DATA:
○ ○ ○ ○ ○ ○ ○

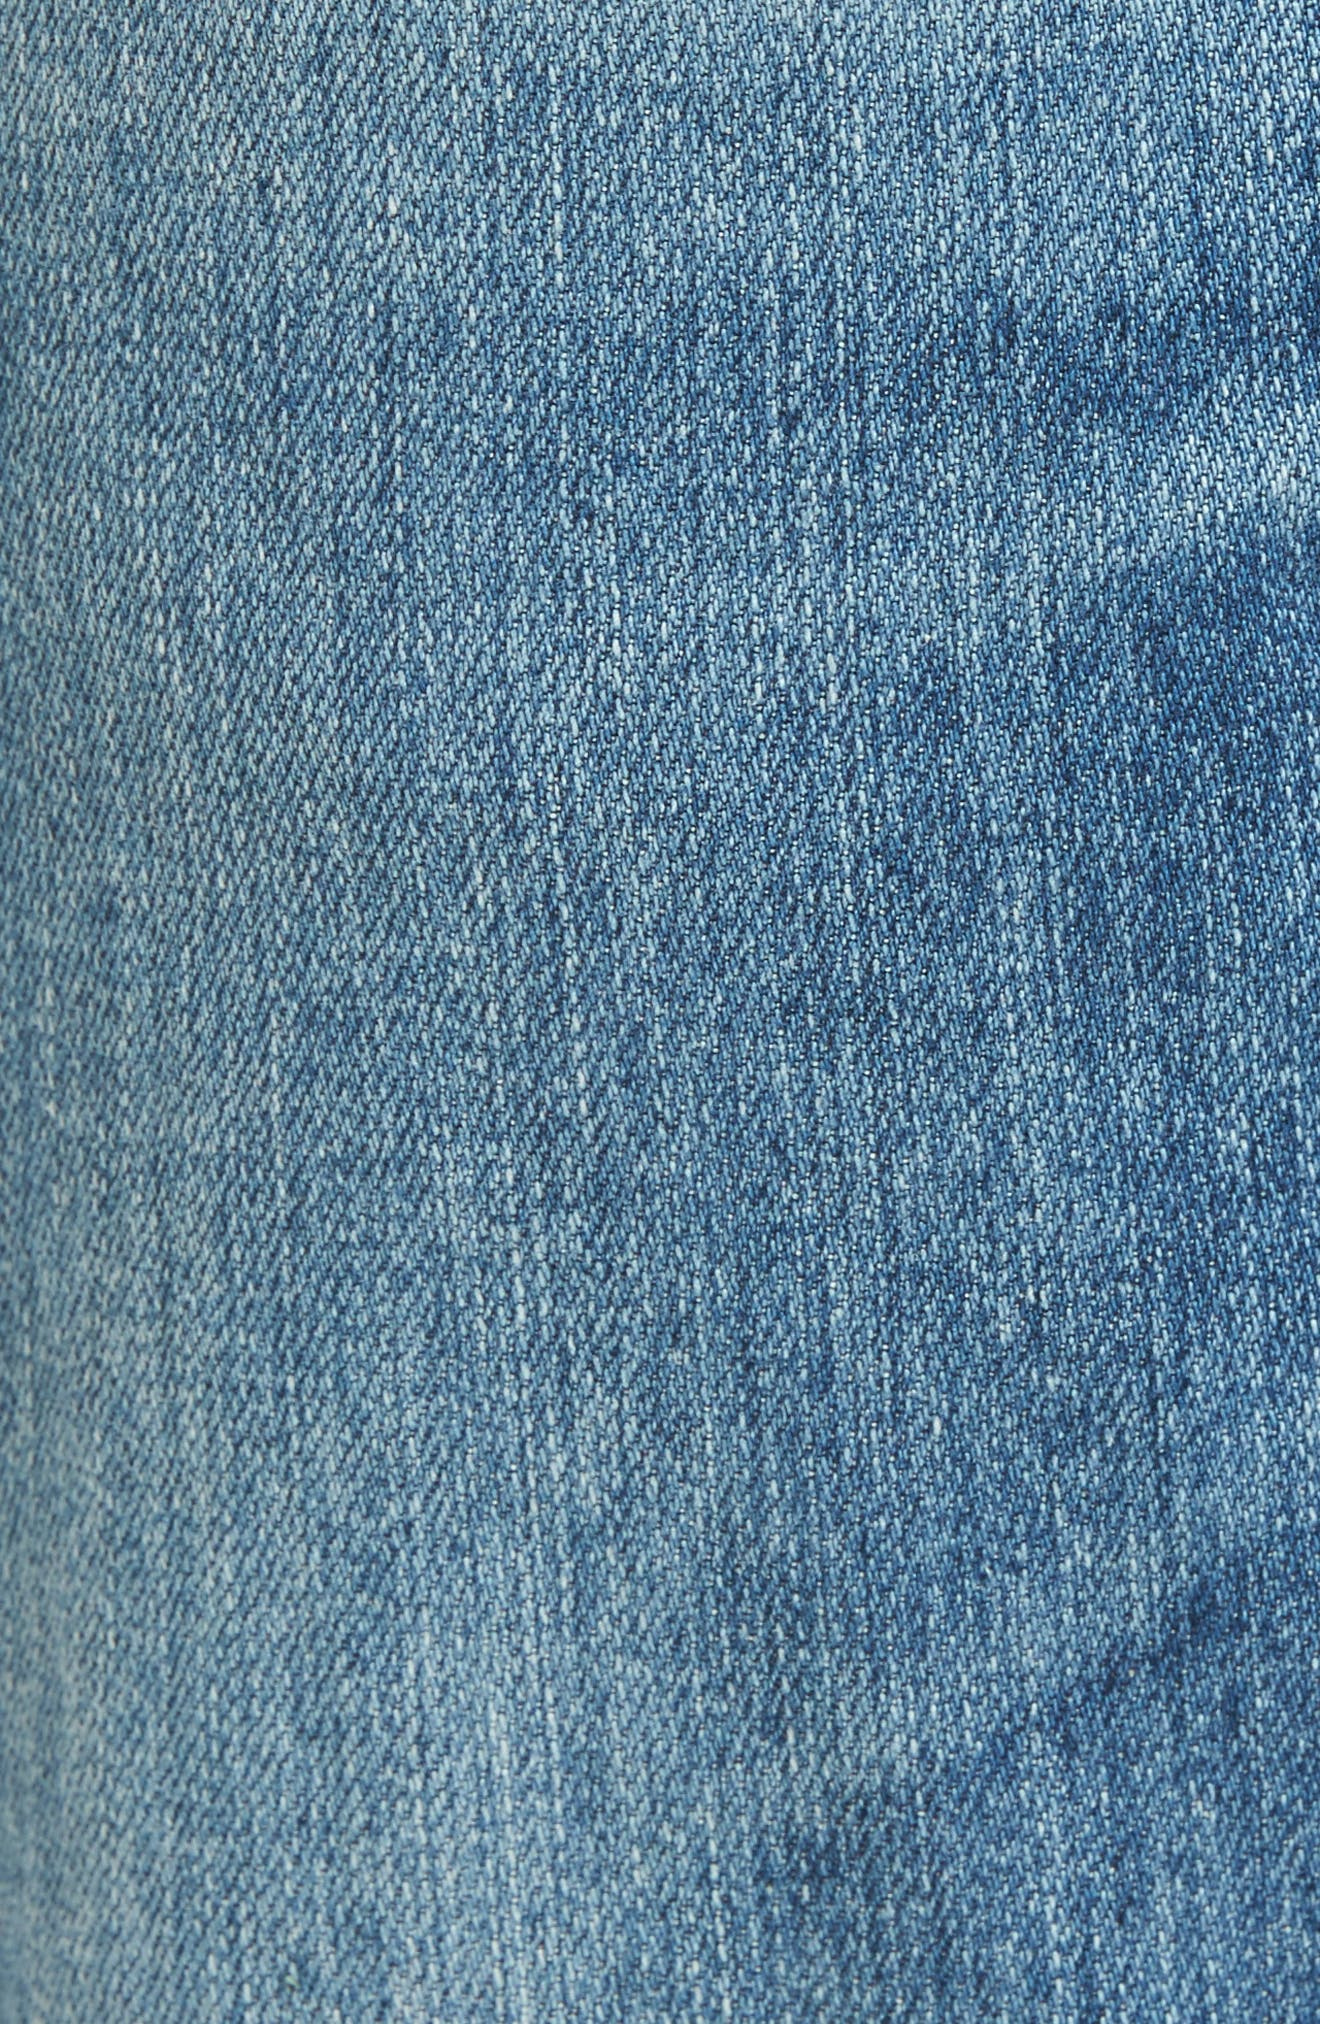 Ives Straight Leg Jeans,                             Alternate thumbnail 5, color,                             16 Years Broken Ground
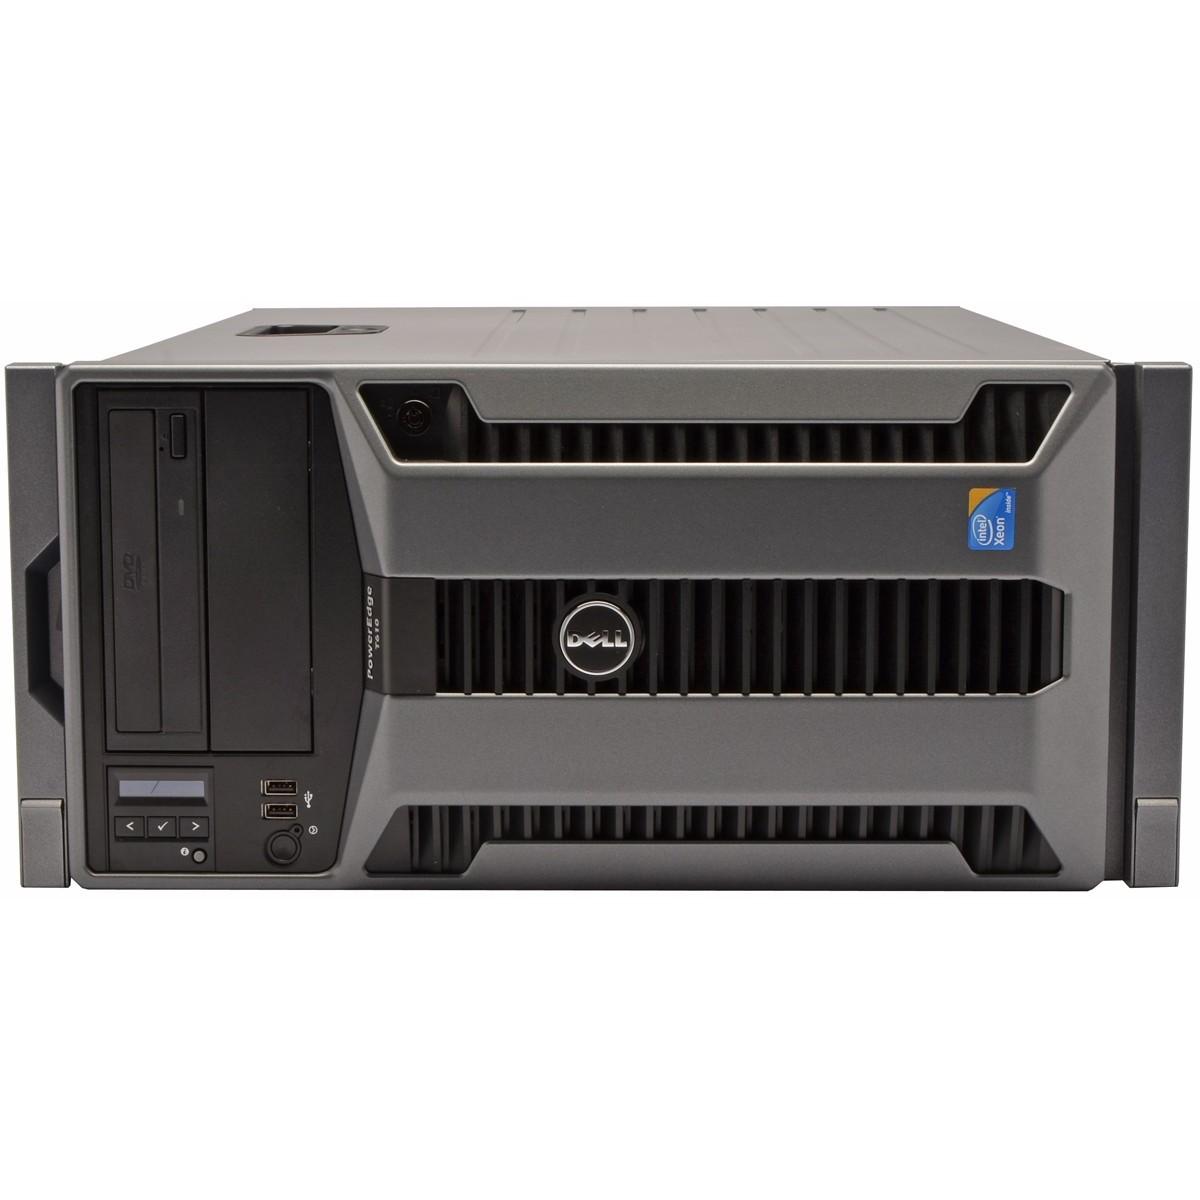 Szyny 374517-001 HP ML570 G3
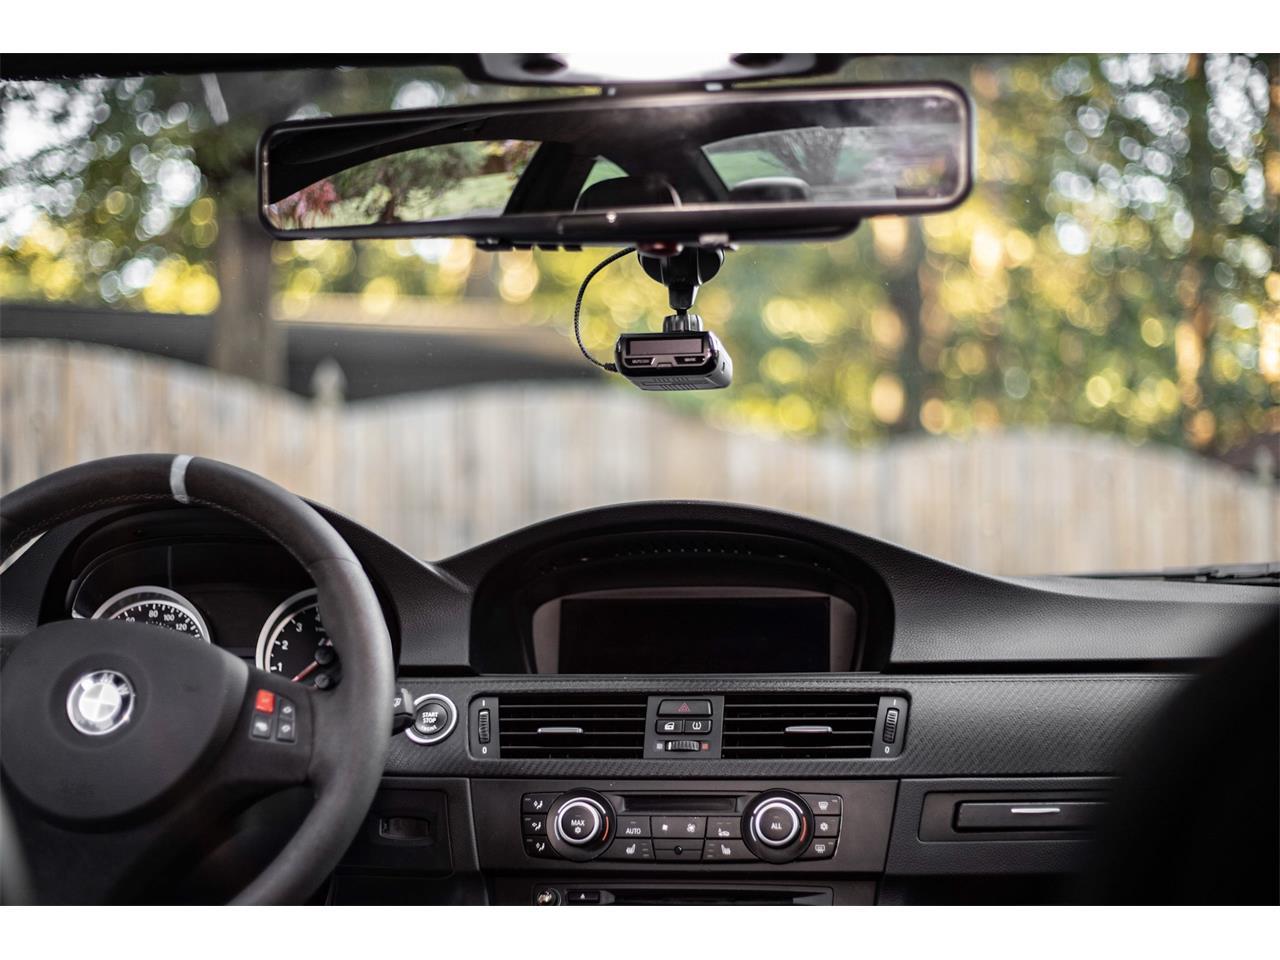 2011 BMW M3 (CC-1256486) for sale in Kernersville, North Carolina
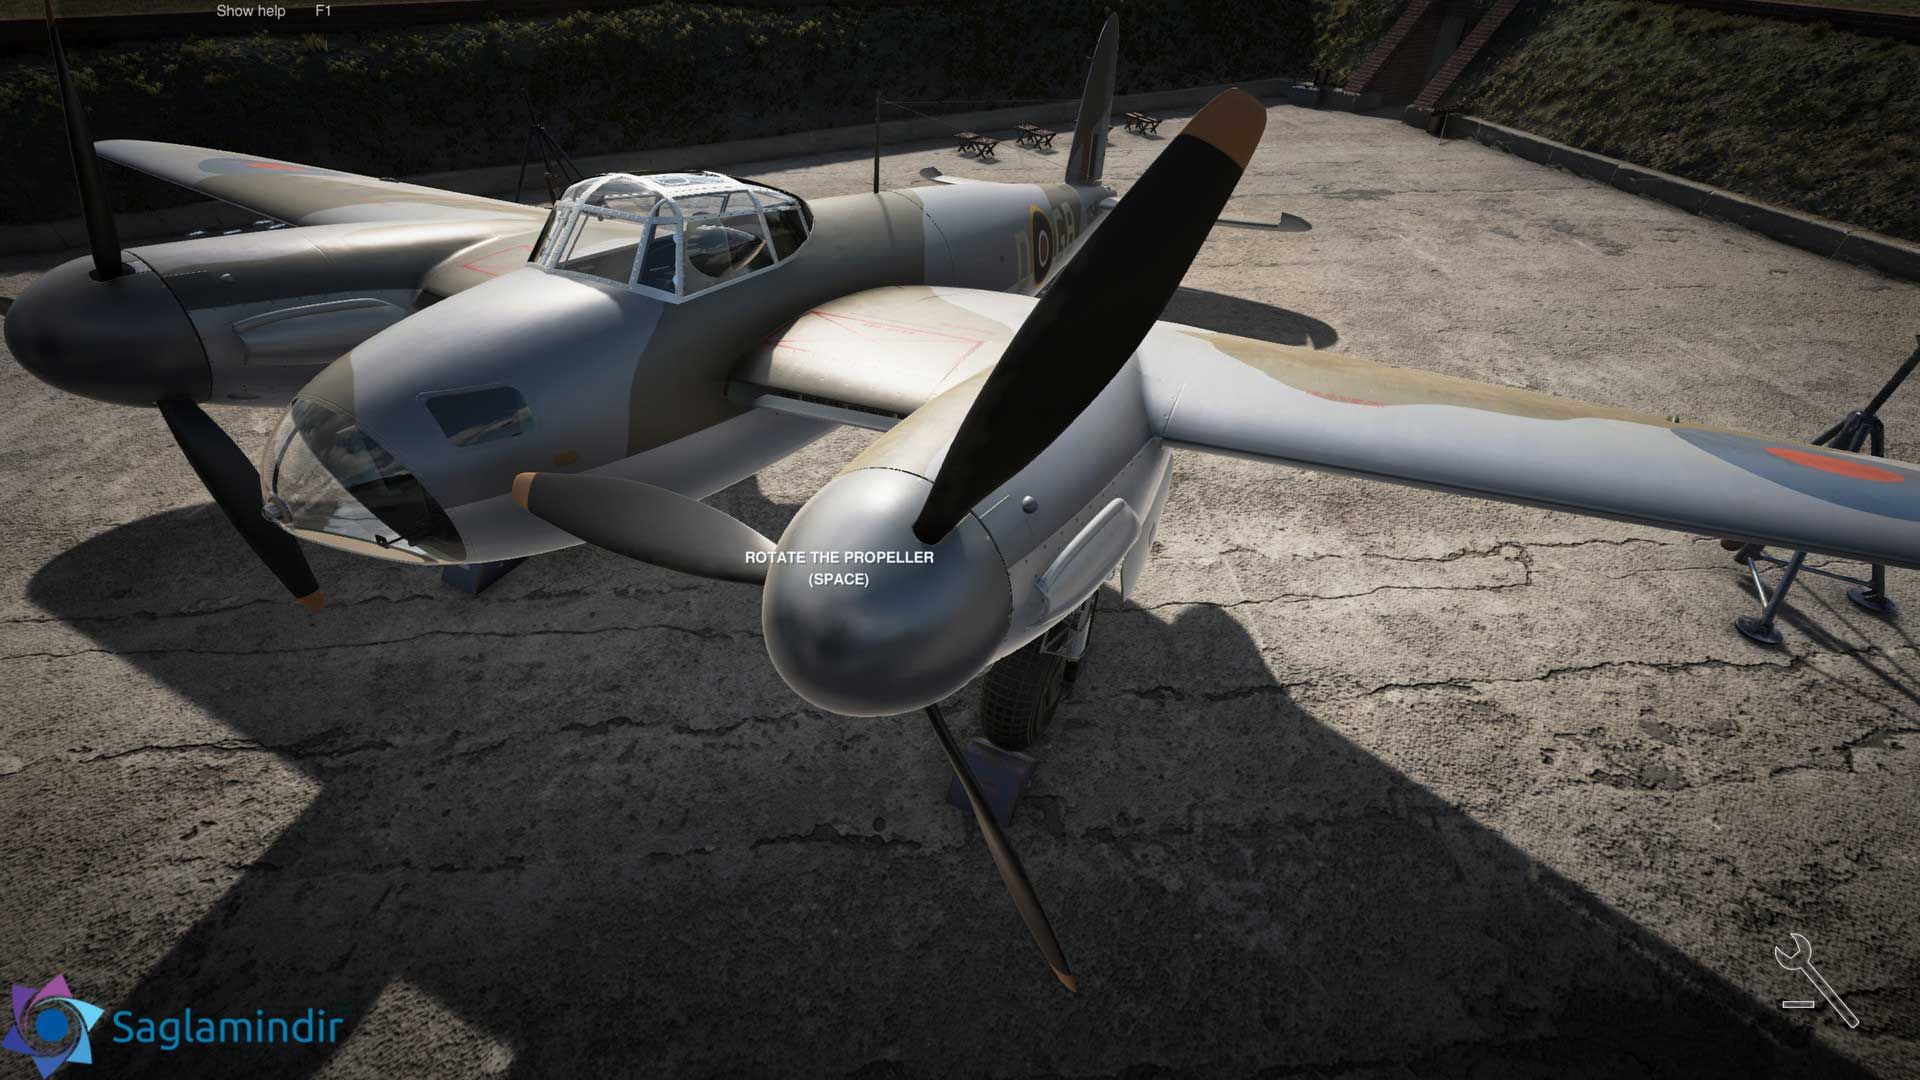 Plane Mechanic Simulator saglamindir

○ ○ ○ ○ ○ ○ ○

Copy every line above exactly; images stay out.

ANSWER BOX:
 Ives Straight Leg Jeans,                             Alternate thumbnail 5, color,                             16 Years Broken Ground
 Szyny 374517-001 HP ML570 G3
 2011 BMW M3 (CC-1256486) for sale in Kernersville, North Carolina
 Plane Mechanic Simulator saglamindir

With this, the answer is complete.